Preflight (Ask / Check First)
- Current major/minor version and upgrade target.
- Managed service vs self-managed constraints.
- Latency/availability/durability SLO priorities.
- WAL volume, replication topology, and lag behavior.
- Known incidents: lock contention, bloat, restore gaps.
Configuration and Capacity
- Align
max_connections with pooler strategy.
- Balance memory settings against real concurrency.
- Smooth checkpoints to reduce latency cliffs.
- Keep autovacuum globally enabled and table-tuned for churn.
- Verify effective settings from
pg_settings, not assumptions.
Baseline SQL Checks
SELECT name, setting, unit, source
FROM pg_settings
WHERE name IN (
'max_connections','shared_buffers','work_mem','maintenance_work_mem',
'max_wal_size','checkpoint_timeout','checkpoint_completion_target',
'autovacuum','log_checkpoints'
)
ORDER BY name;
Schema, Indexing, and Query Plans
- Keep constraints explicit (PK/FK/UNIQUE/CHECK/NOT NULL).
- Use multi-column and partial indexes only for observed query patterns.
- Use
EXPLAIN (ANALYZE, BUFFERS) for truth.
- Track index bloat and unused index overhead.
- Recheck plans after major data distribution shifts.
Transactions and Concurrency
- Keep transactions short and retry-safe.
- Use lowest viable isolation level for correctness.

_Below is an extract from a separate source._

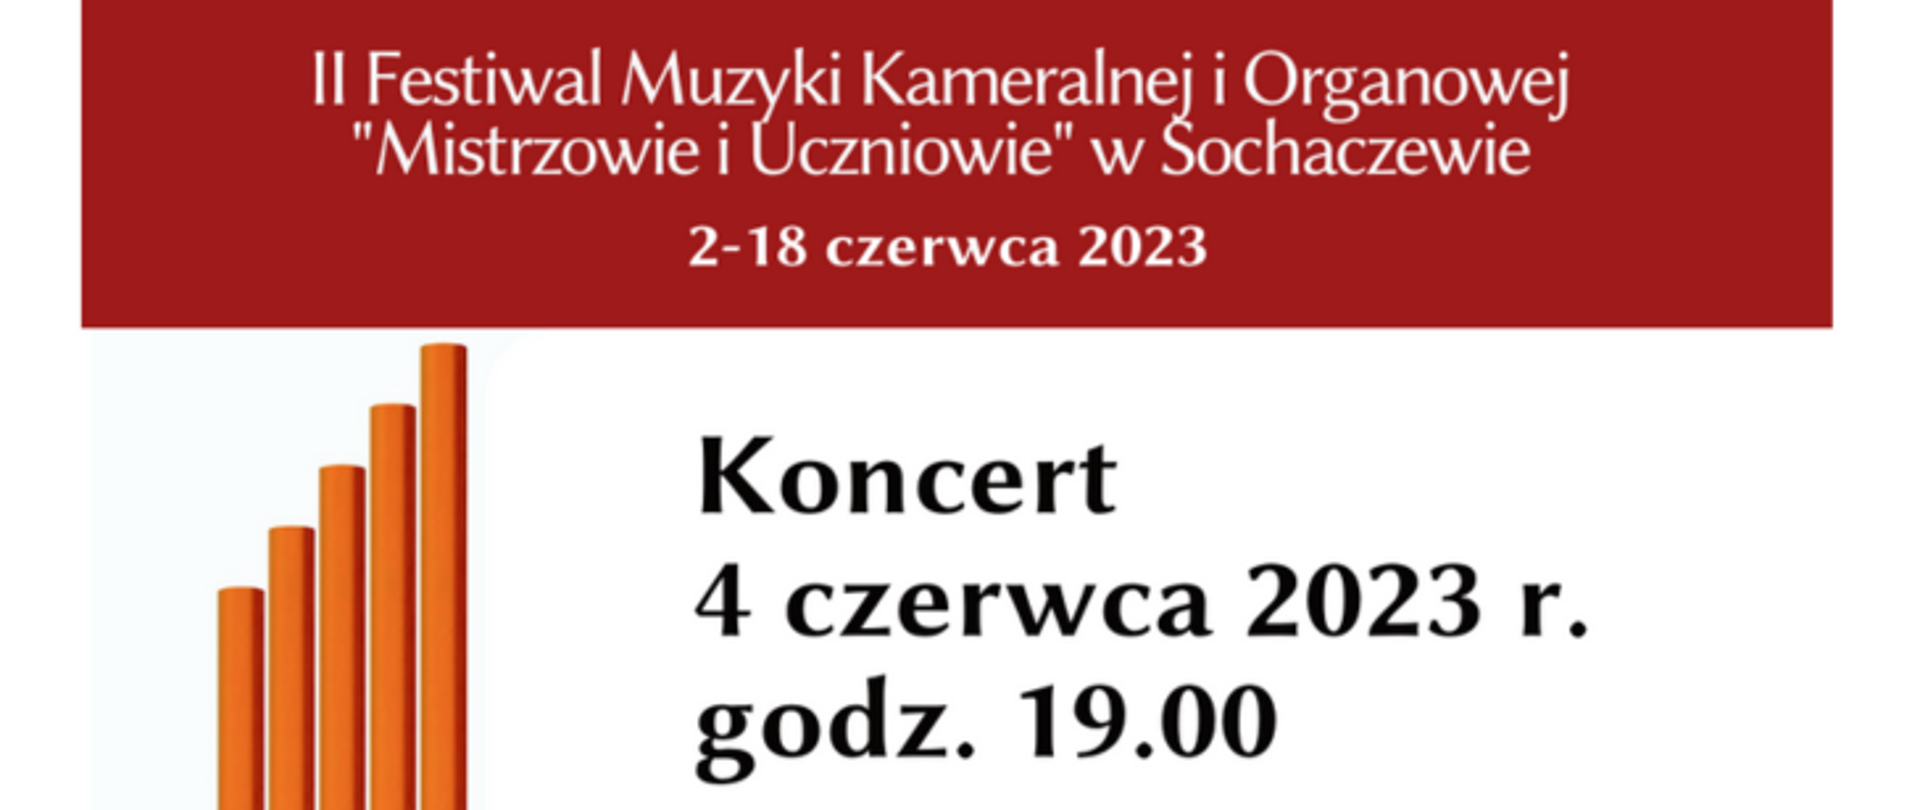 Informacja na czerwonym tle biały napis" II Festiwal Muzyki Kameralnej i Organowej "Mistrzowie i Uczniowie" w Sochaczewie, 2-18 czerwca 2023 r. Koncert 4 czerwca 2023 r. godz. 19.00

- Monitor lock waits and idle-in-transaction sessions.
- Guard against long-running transactions blocking vacuum.
Lock Insight Query
SELECT pid, wait_event_type, wait_event, state, query
FROM pg_stat_activity
WHERE wait_event_type IS NOT NULL
ORDER BY state, pid;
Vacuum and Bloat Control
- Monitor dead tuples and autovacuum recency per table.
- Tune table-level autovacuum thresholds for hot tables.
- Watch transaction ID age and wraparound risk.
- Reserve
VACUUM FULL for planned maintenance windows.
Backup and Restore Strategy
- Derive strategy from RPO/RTO, then pick tooling.
- Use base backup + WAL archiving for PITR-capable systems.
- Use logical dumps for selective migrations, not PITR.
- Keep backup storage encrypted and access-controlled.
- Validate backup chain continuity and restore prerequisites.
PITR and Recovery Operations
- Configure
archive_command and verify WAL archiving health.
- Test
restore_command paths in isolated recovery environments.
- Run point-in-time restore drills to explicit timestamps.
- Measure recovery duration against RTO and adjust playbooks.
- Validate application behavior after promotion/failover.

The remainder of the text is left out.